I've never wanted a life where I just work, eat, sleep, repeat, yet here we are. 

But then this morning I slept until 08:30. I had a shower and put on my happiest red dress. I'm alone in the staff house this weekend, so I opened the patio doors and sat down at the kitchen table for my first cup of coffee. It was a gorgeous day with a bright blue sky, the sun shining, and absolutely no smoke in the air. And just as I was taking my first sip, a butterfly flew into the kitchen. It made me so happy, I laughed out loud. I watched it for a while and then helped it find its way back out. I took my coffee and sat outside in the sun, breathing in the lovely fresh, slowly warming air. It was blissful and quiet, and I could feel my stack of spoons slowly replenishing inside of me.

I started writing this post, and the familiar act of my fingers tapping away on the keys gave me another few spoons. Halfway through, the hospital called and I spent an enjoyable hour with my co-workers and patients.  

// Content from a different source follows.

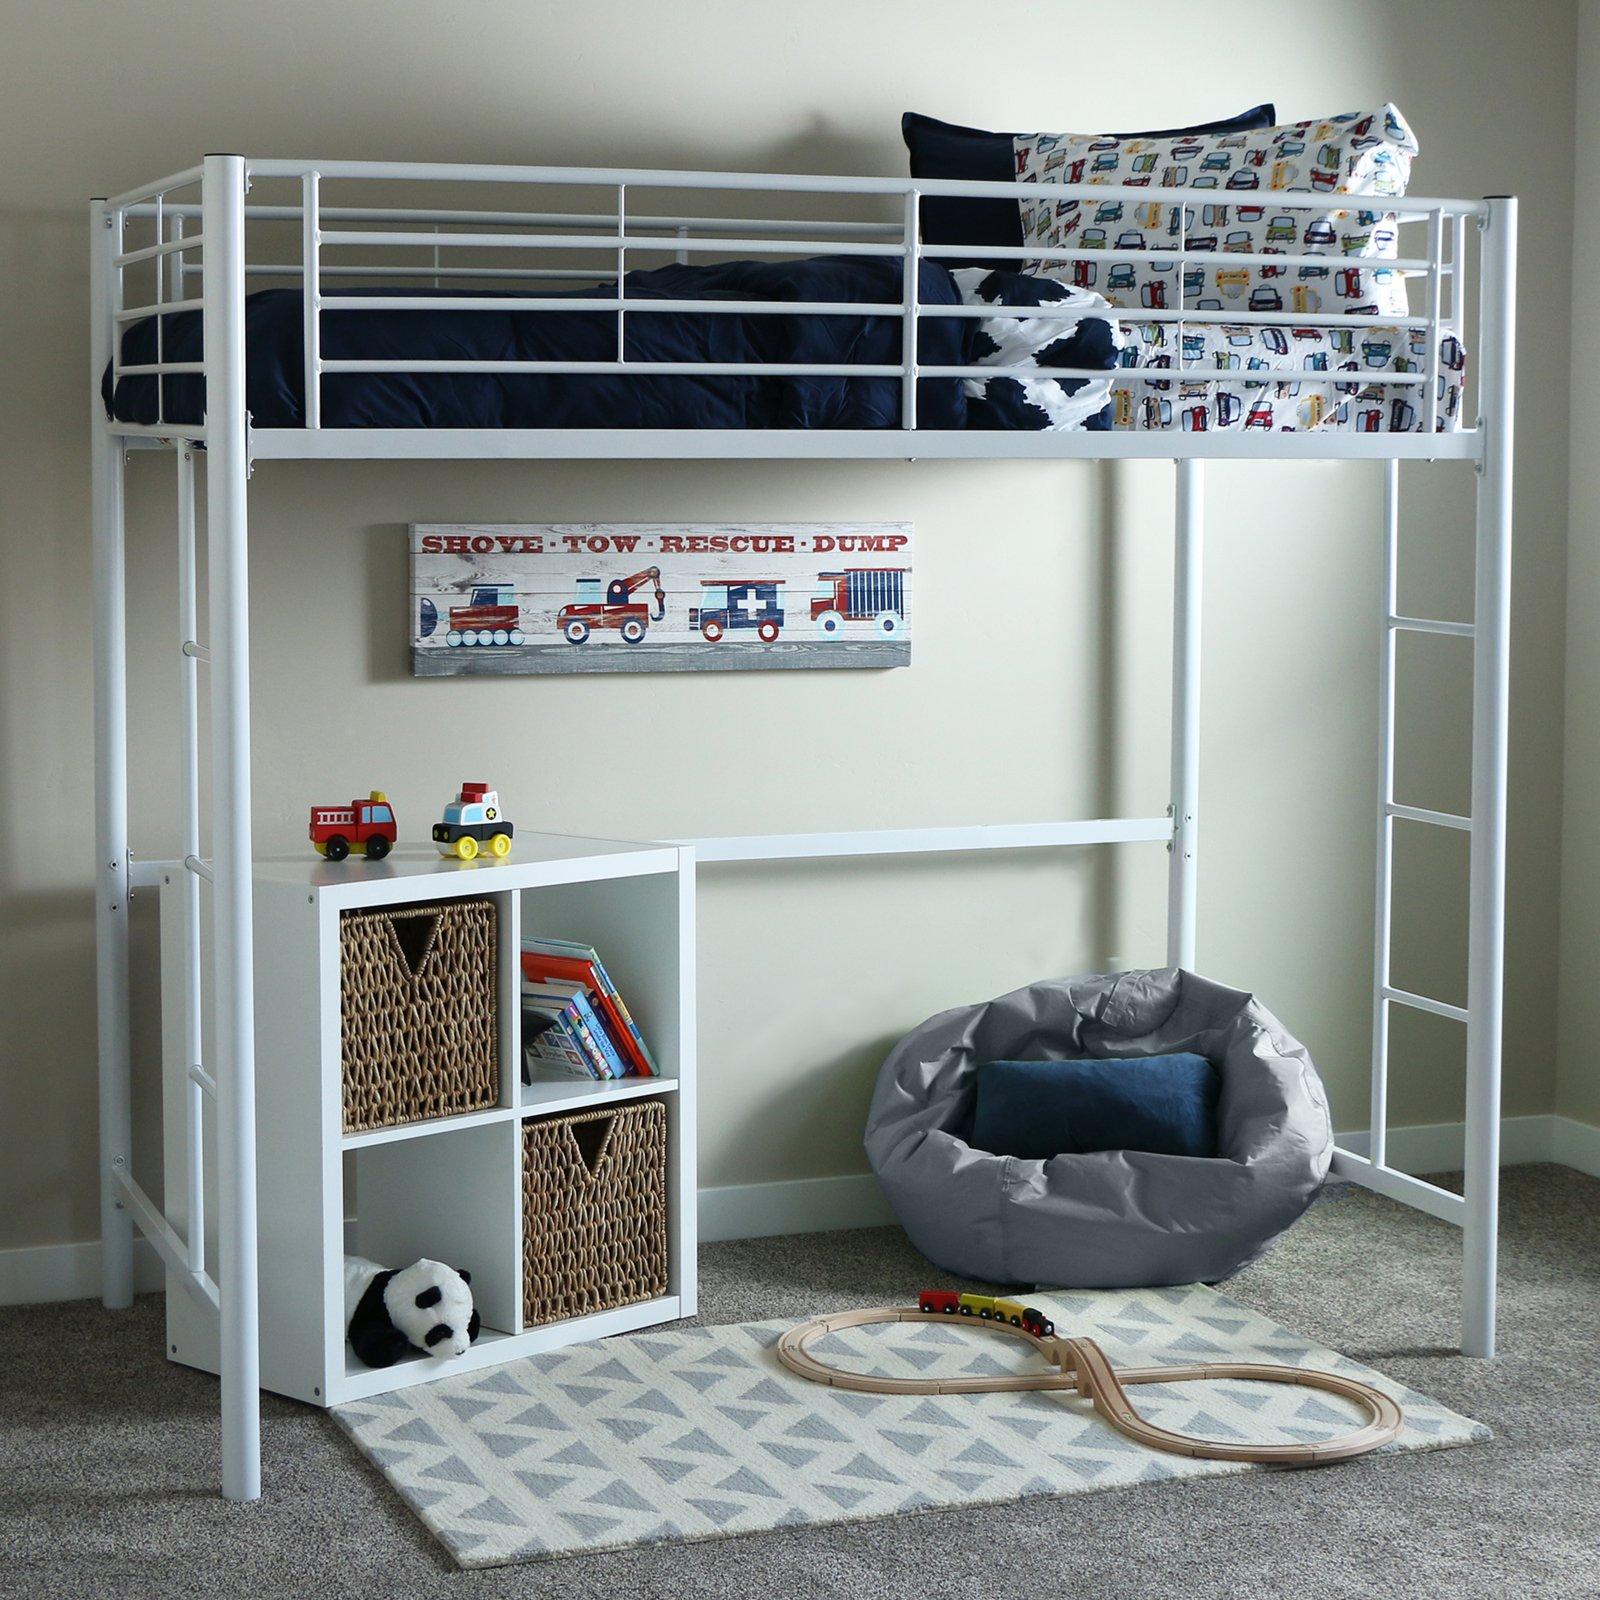 Loft beds Sunset loft bed - white    Hayneedle IPXXHTC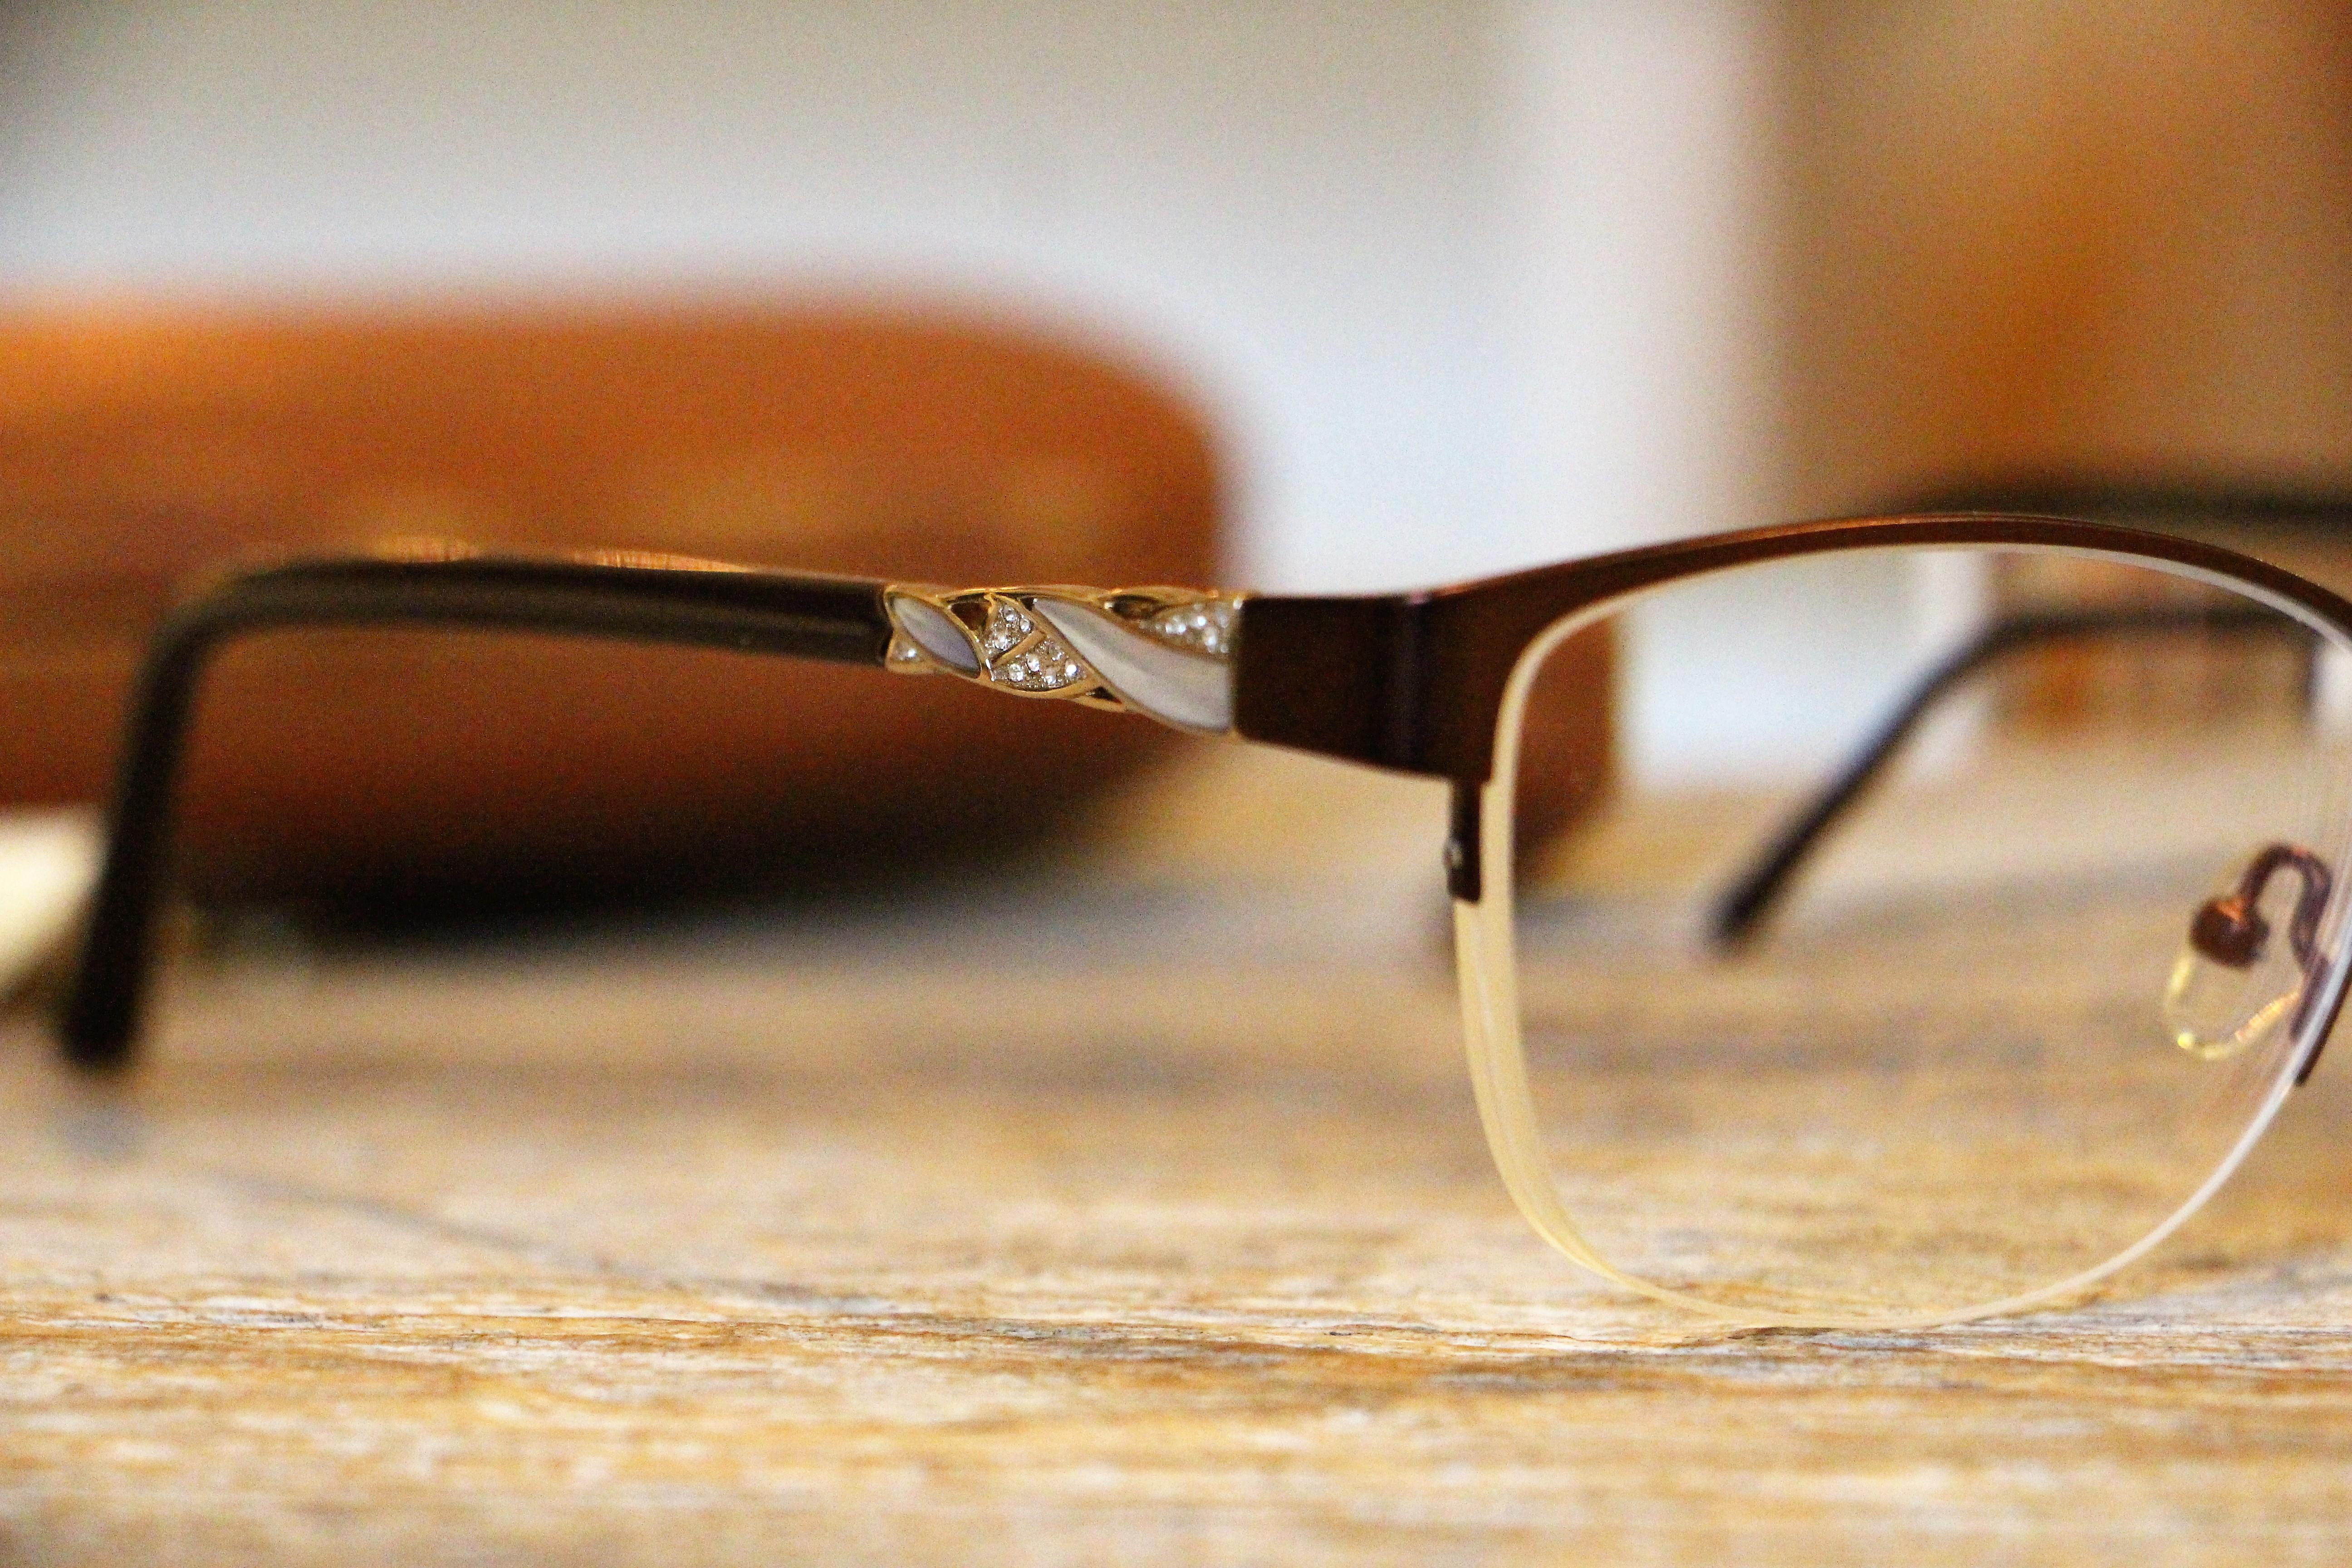 Kuinka valitsen kasvojeni muodoille sopivat silmälasit

Because here's the thing: I love my job. I hate the politics and the current controversy about the c-word and the v-word, and how polarising the pandemic has become. I hate how it has divided us into two camps, and how it seems impossible to bridge the divide, because each camp is convinced that they are right.
I guess the only solution is time, to watch how things are unfolding, and it's probably gonna get worse before it gets better. 

My burnout is an accumulation of all of the above, but it's also the result of my own poor judgment. Because I've burnt myself out before working in healthcare, before Covid, and long before any of us knew that we 'd have to choose one of two sides. 

I'm terrible at work-life-balance. Despite having gotten much better at saying no, I still overestimate my abilities all the damn time. I have an especially terrible habit of believing that future-me is some kind of superwoman. Ask me today to work 38 shifts next August, and I'll cheerfully say "sure, no problem!"
When I get emails inquiring to pick up extra shifts on Saturdays over the next few months, I have to restrain my stupid fingers to type back "I'm in!"

I have an idiotic faith that future-me will be better, faster and stronger. No idea why I keep clinging on to that idea, since I've disproved that theory roughly 50 times by now. It's the lesson I can't seem to learn, so it keeps coming back to kick me in the ass like an annoying boomerang.

However, the timing is promising. I'm 4 shifts away from an 11-day break. This is the time where we get offered next year's vacation relief, and right now I know that I'm no superwoman. Know your limits, play within it, right?

I might just get it right this time and do what they taught us in high school: just say no. 

Say no to too much work, and yes to LIFE. Future-me will thank me!